I used the following code to convert the audio to spectrogram, now I try to get the spectrogram back to audio again, but don't know how to write the code.
import os
import librosa
import numpy as np
import matplotlib.pyplot as plt
import cv2
def get_spectrogram(path):
data, fs = librosa.load(path, sr=None, mono=True)
spect = librosa.stft(data, n_fft=1024, hop_length=320, win_length=1024)
return spect
def extract_features():
i=0
data_path = "./datasets"
labels = ['mrdd0', 'mrso0', 'mrws0', 'mtjs0', 'mtpf0', 'mtrr0', 'mwad0', 'mwar0']

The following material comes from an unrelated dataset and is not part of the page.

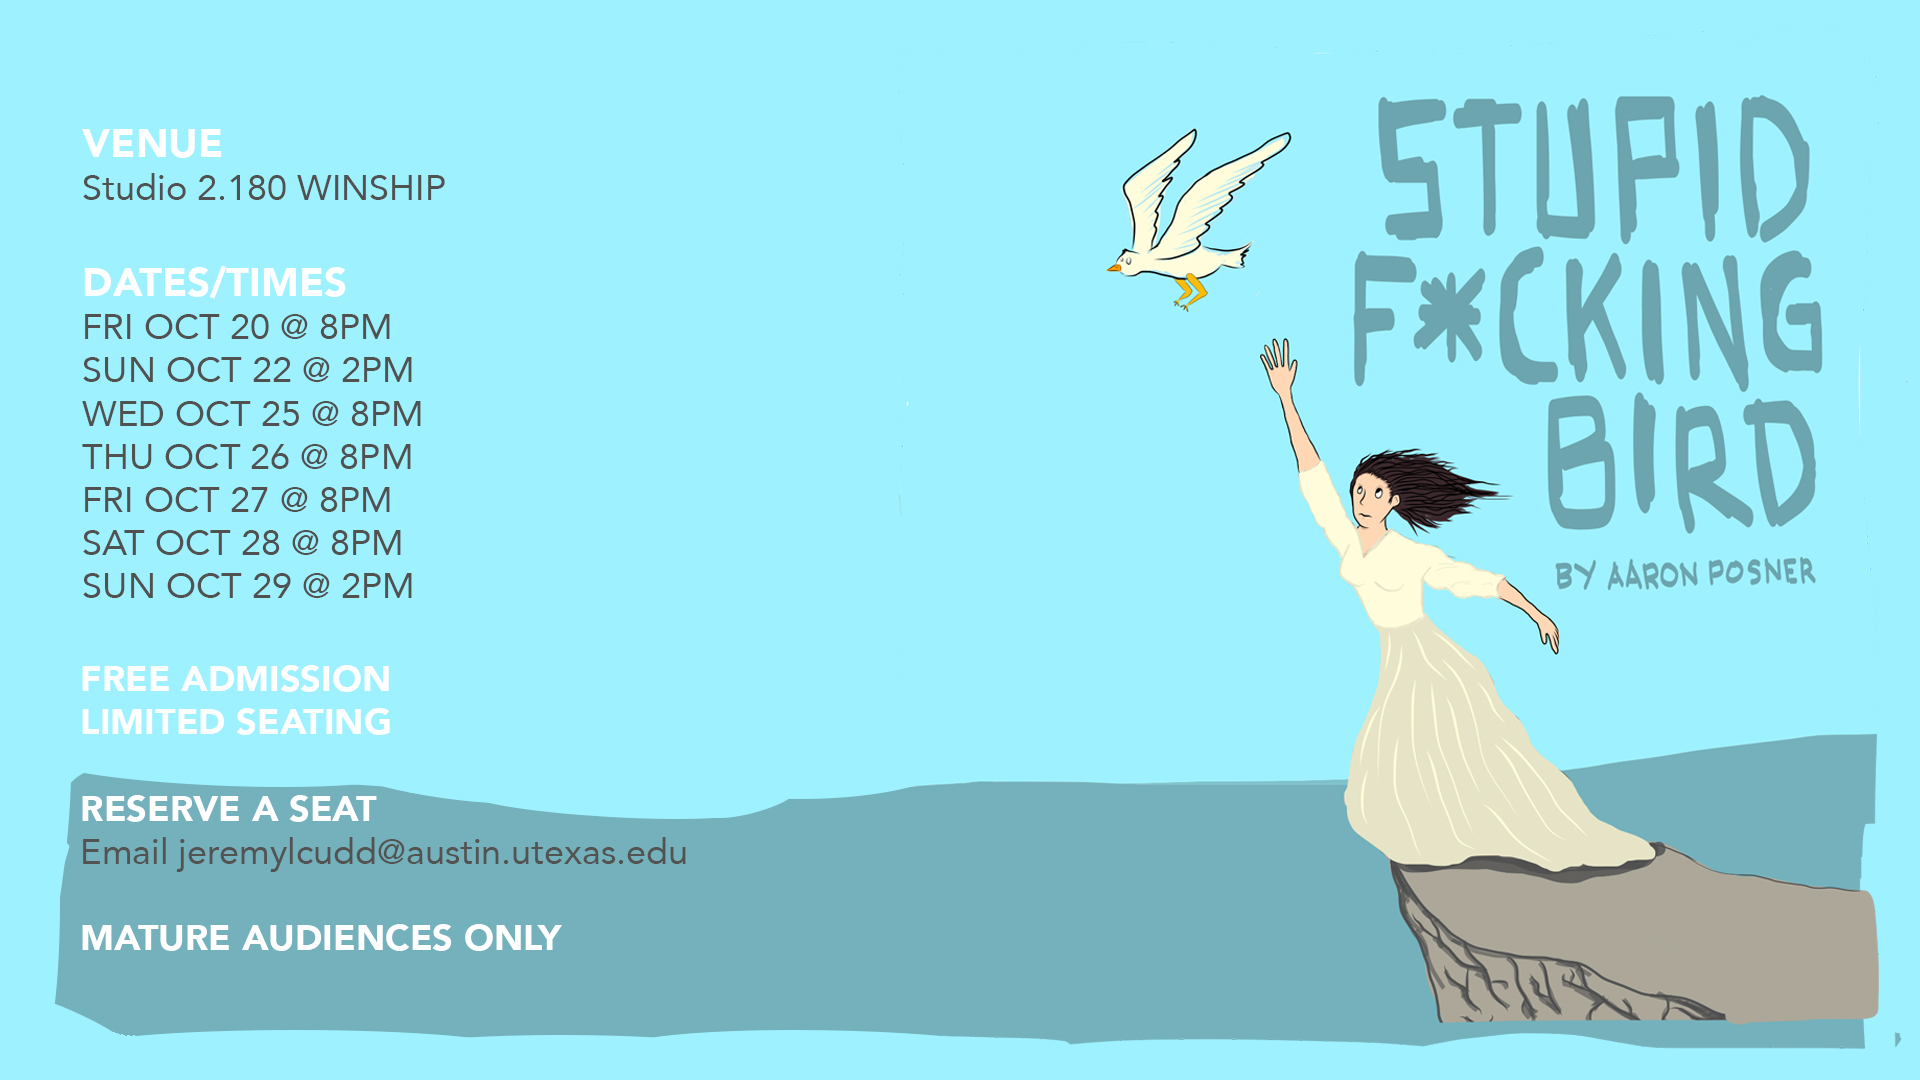 Stupid-F_cking-Bird-Poster-with-Info-16x9-layout.jpg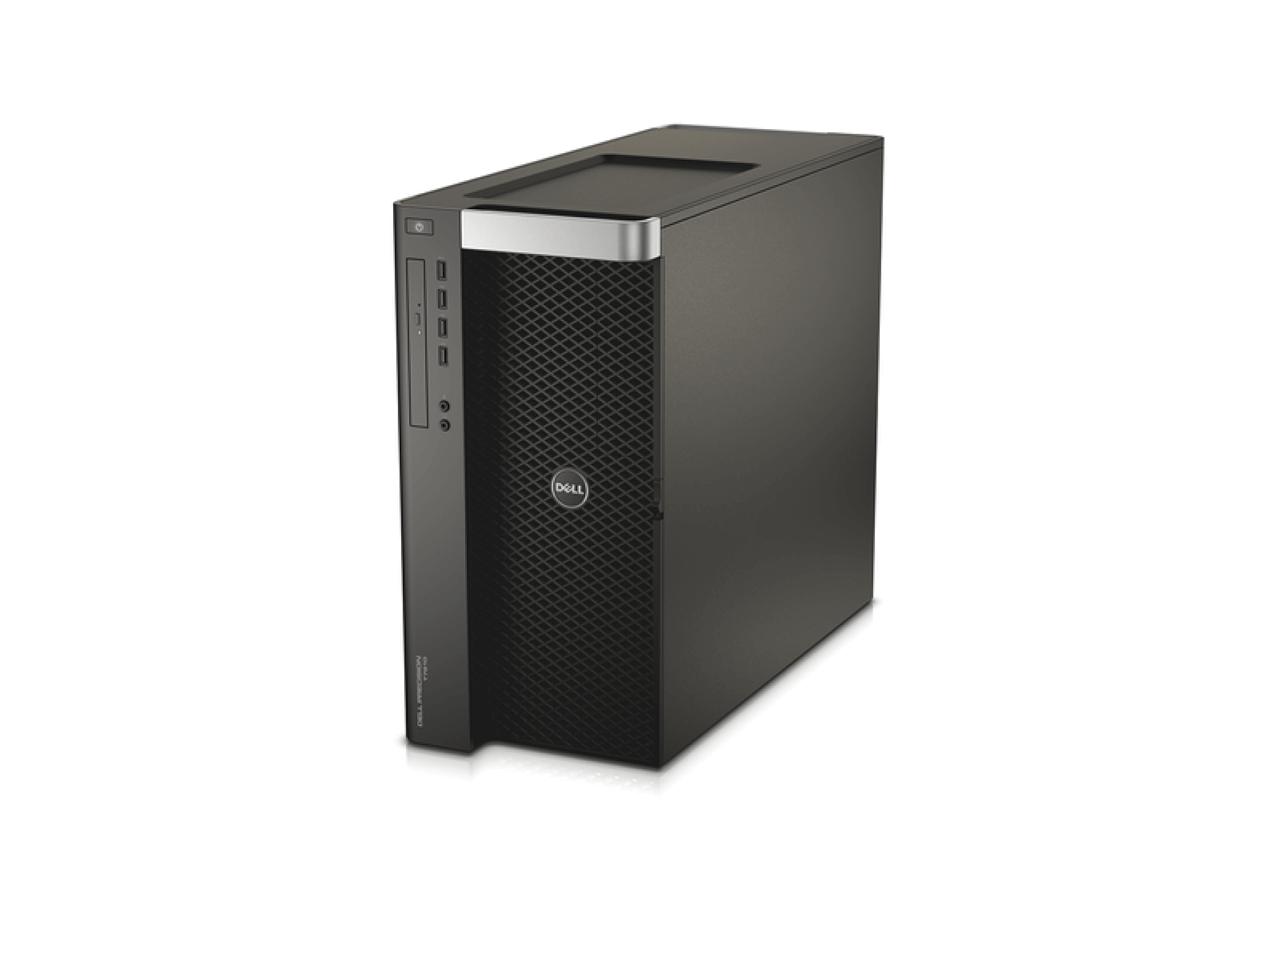 Dell Precision T5610 Xeon 2.6GH 32G 240GBSSD+2TB W10P Refurb

# print("labels:", labels)
total_data = []
total_label = []
for label in labels:
label_path = data_path + "\\" + label
# print(label_path)
wav_names = os.listdir(label_path)
for wav_name in wav_names:
if wav_name.endswith(".wav"):
wav_path = label_path + "\\" + wav_name
# print(wav_path)
spect = get_spectrogram(wav_path)
spect = np.abs(spect)
spect = cv2.resize(spect, (28, 28))
total_data.append(spect)
total_label.append(labels.index(label))
plt.matshow(spect)
plt.ylabel('Frequency')
plt.xlabel('Time(s)')
plt.title('Spectrogram')
plt.savefig('./datasets/image_from_output/mySpectrogram-{}.png'.format(i))
i=i+1
#plt.savefig('./datasets/image/mySpectrogram.png')
plt.close()
plt.show()
total_data = np.array(total_data)
total_label = np.array(total_label)
print(total_data.shape)
print(total_label.shape)
if __name__ == '__main__':
extract_features()
Any help would be appreciated.It would be better if there could be code for conversion.